6. Simplify. One checking account per family is enough (mature children aside), and if you must, carry just one credit card.

7.  Communicate. Be patient with the inevitable learning curve that comes with starting any new healthy habit. Ask for help and don’t give up — expect two or three months of trial and error before feeling comfortable and confident. If you’re married or living with someone and you share money, you must have at least two “money dates” every month (weekly is better). You can plan and make decisions together, follow up on financial housekeeping tasks, review your household budget, and help each other stay on track for your shared savings goals and lifestyle vision.
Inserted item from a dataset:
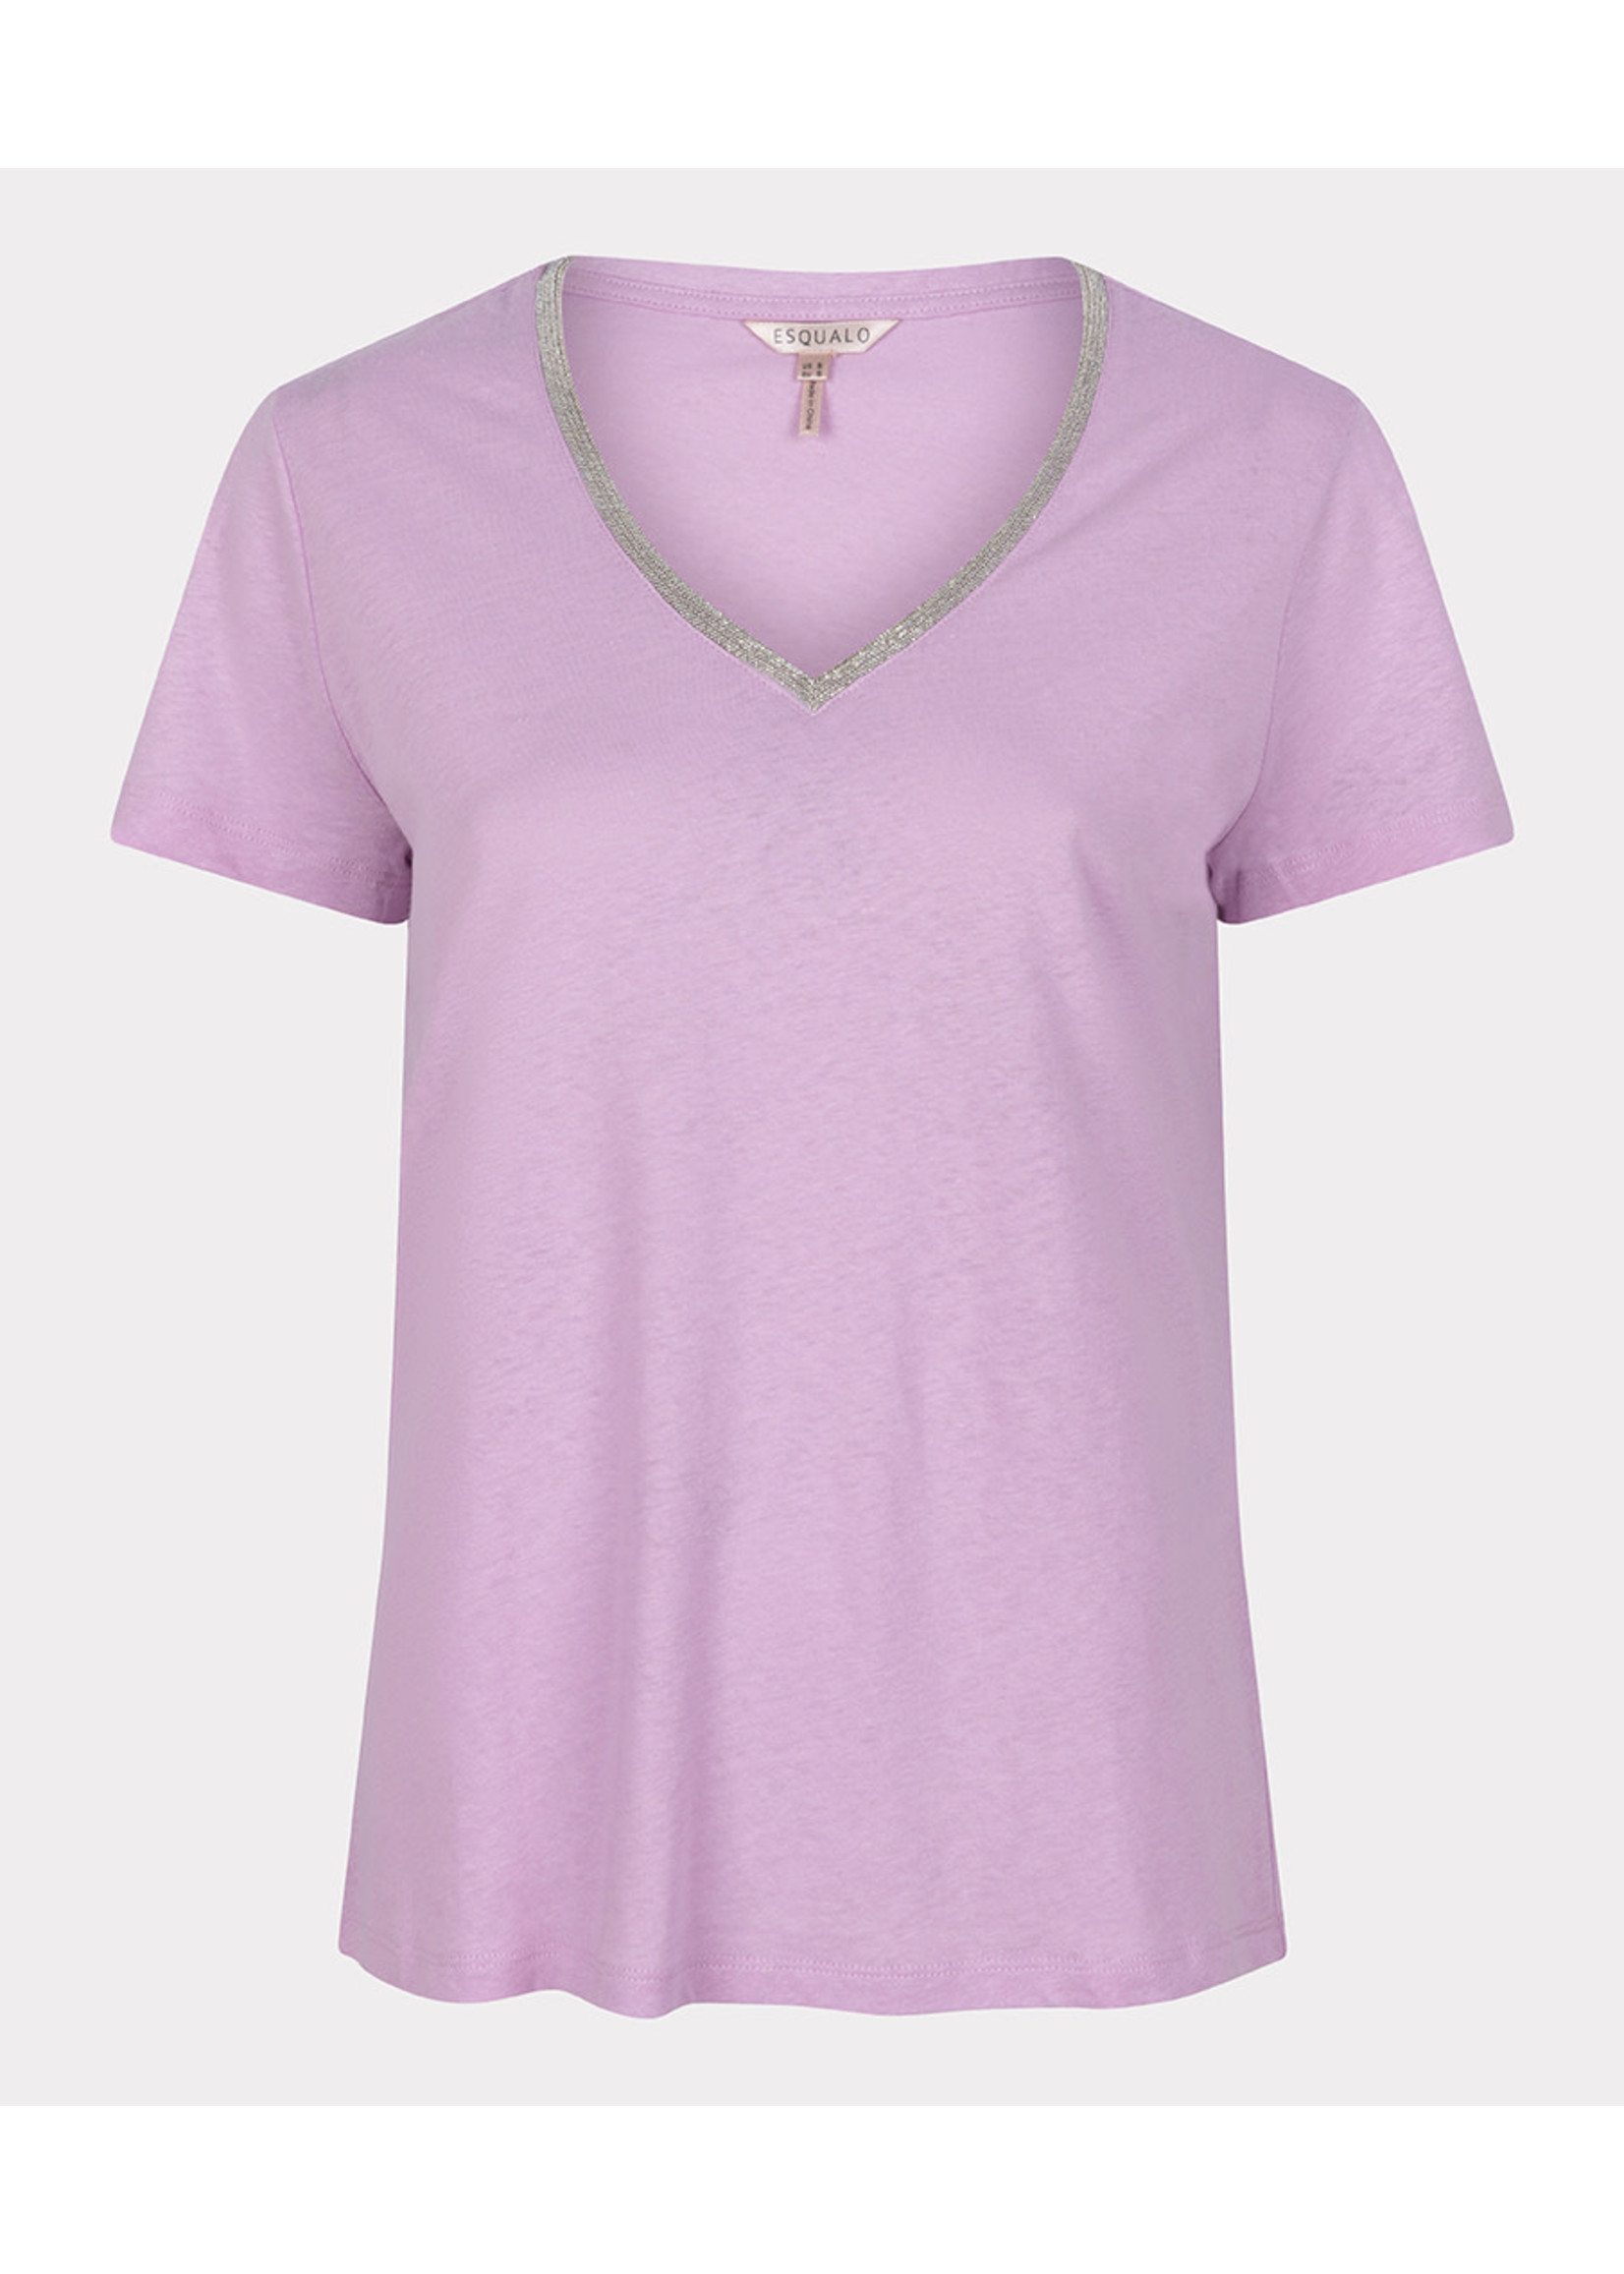 Esqualo T-shirt fancy neckline	Violet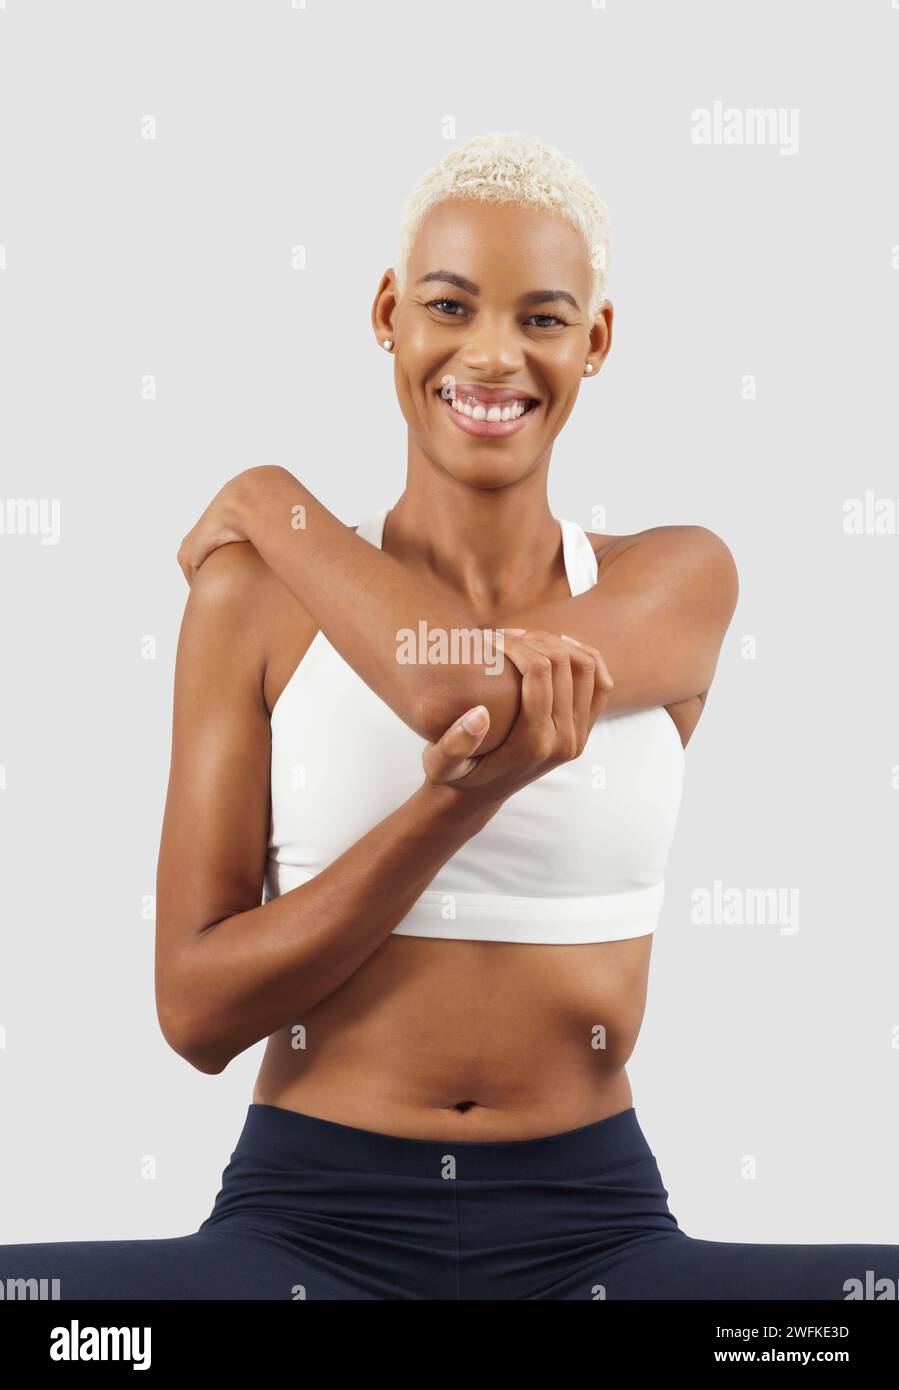 Entraînement de fitness, femme souriante étirant les bras, athlète féminine africaine latino-américaine en vêtements de sport, Sportswoman font de l'exercice physique d'entraînement dans la salle de gym Banque D'Images

Research shows that only 4% of families talk regularly about money, be an outlier!

8. Stay the course. Twice a month, review what’s happening with your tracking and budgeting system. Tweak anything that is askew and make sure all transactions are properly categorized. Mid-month, adjust your budget as needed to make sure it’s still balanced and to ensure you will end the month where you need to be. The end-of-month routine involves reflecting and planning ahead. Many people find it eases financial anxiety to look at their bank accounts several times a week to track cashed checks, monitor their balances, reduce surprises and remain connected.

9. Be optimistic. Go to any lengths to stay positive and expand your financial wellness. If limiting beliefs about money and self-destructive patterns continue to get in your way, help is available. There are money affirmations, financial coaches, fee-only financial planners, advisors, money related 12-step programs, financial literacy workshops, and even in-patient treatment centers for healing your relationship with money. Everyone needs at least one completely trustworthy financial confidant in their lives.

Lasting financial wellness comes from completing all parts of this set up process. Your relationship with money was not created overnight, so it will take time and energy, and sometimes even money, to shift it. There are infinite benefits to giving your money purpose rather than feeling like a victim of your financial situation. I promise the effort will be worth every penny.